Ukrainian beliefs related to Chorts were meaningfully illustrated by leading Ukrainian ethnographers Pavlo Chubynsky, Vasyl Myloradovych, Georgy Bulashev, Volodymyr Shukhevych, Volodymyr Hnatiuk, and others. Additional studies of this character were made by the famous Russian ethnolinguists Nikita Tolstoy and Lyudmila Vinogradova.

== In Russian Culture ==
In Russian folk mythology, the figure of the chort combines within itself characteristics of a variety of typologically different demonic beings. In various Russian folk beliefs, the chort, the bies, the devil, and Satan were regarded as one and the same figure - although statements separating the beings have, on occasion, been recorded as well.

Beliefs about the origin and appearance of this figure differ little across the East Slavic region, since the chort was, to a considerable extent, shaped on the basis of widespread regional religious and iconographic representations. As such, the chort was depicted as an anthropomorphic figure with horns, hooves, and a tail.

Beliefs about the chort's characteristics and functions can be reconstructed from motifs found in Russian bylichkas. According to these beliefs, chorts take possession of the souls of deceased sinners; drive people who play with a rope towards suicide, after which the victim's soul serves the chort as a riding horse; and participate as divinatory spirits in young people's fortune-telling rituals. Chorts are believed to be immune to ordinary bullets, and can only be defeated using a copper button.

In some areas of Russia, the chort is depicted as a relatively benevolent figure, who was associated with playing harmless tricks on people, and was even credited with the ability to repay favors with kindness. In one such tale, a peasant saves a chort from being struck by lightning during a storm, and the chort agrees to go into military service in his place.
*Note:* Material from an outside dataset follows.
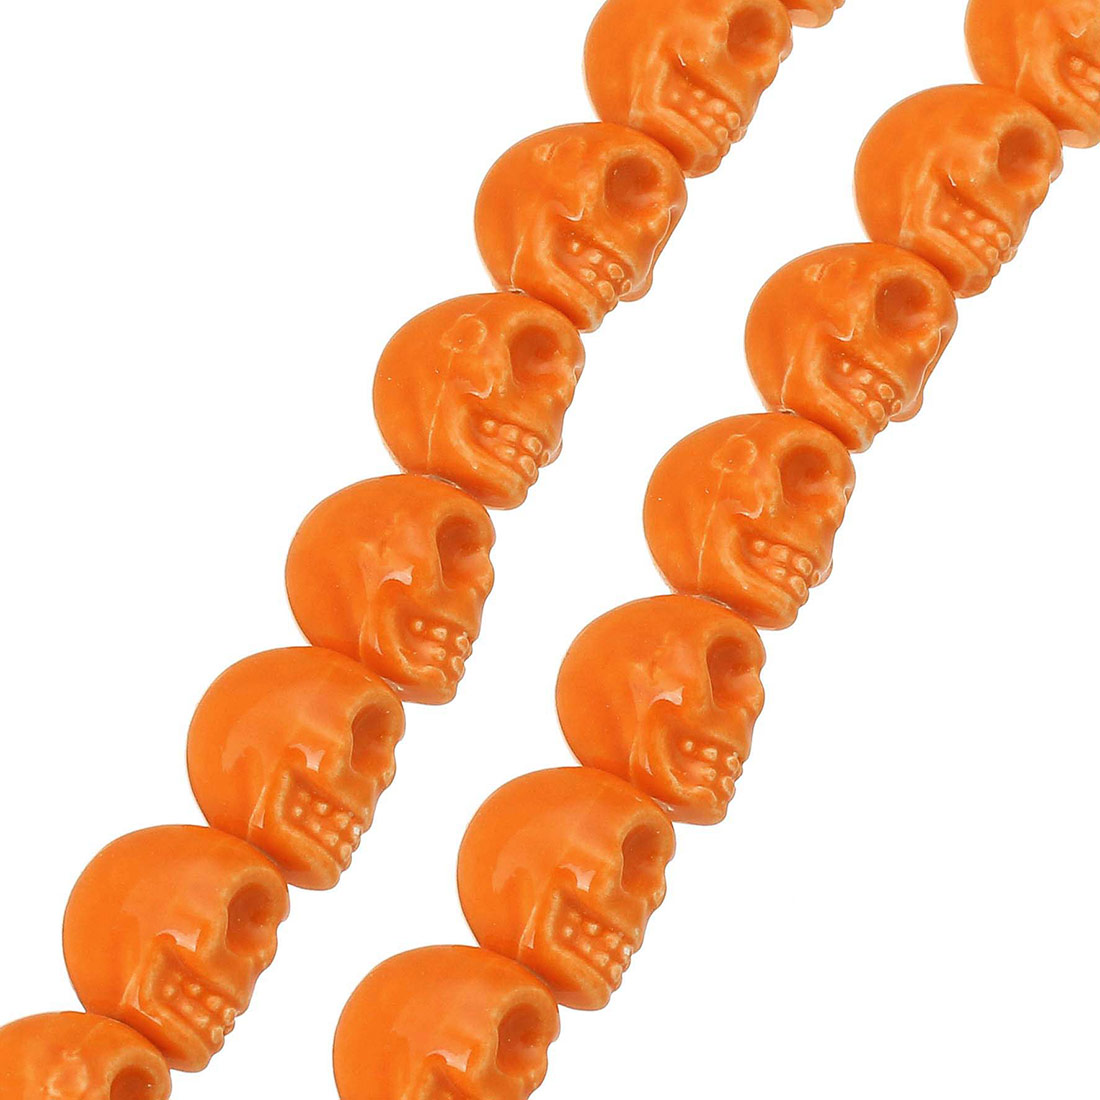  naranja

Some beliefs, particularly widespread and well documented in the Russian North among the Old Believers of the Pomor priestless tradition, include a category of minor chort or demon called ikota — an unclean spirit sent by a sorcerer that enters a person's body and harms their health, causes neurotic episodes, and moves independently within the body. It imposes its own preferences regarding food and drink on its victim, and prevents them from making the sign of the cross. The sorcerer or sorceress may be referred to as ikotnik or ikotnitsa, and the victim is referred to as either ikotnitsa or klikusha.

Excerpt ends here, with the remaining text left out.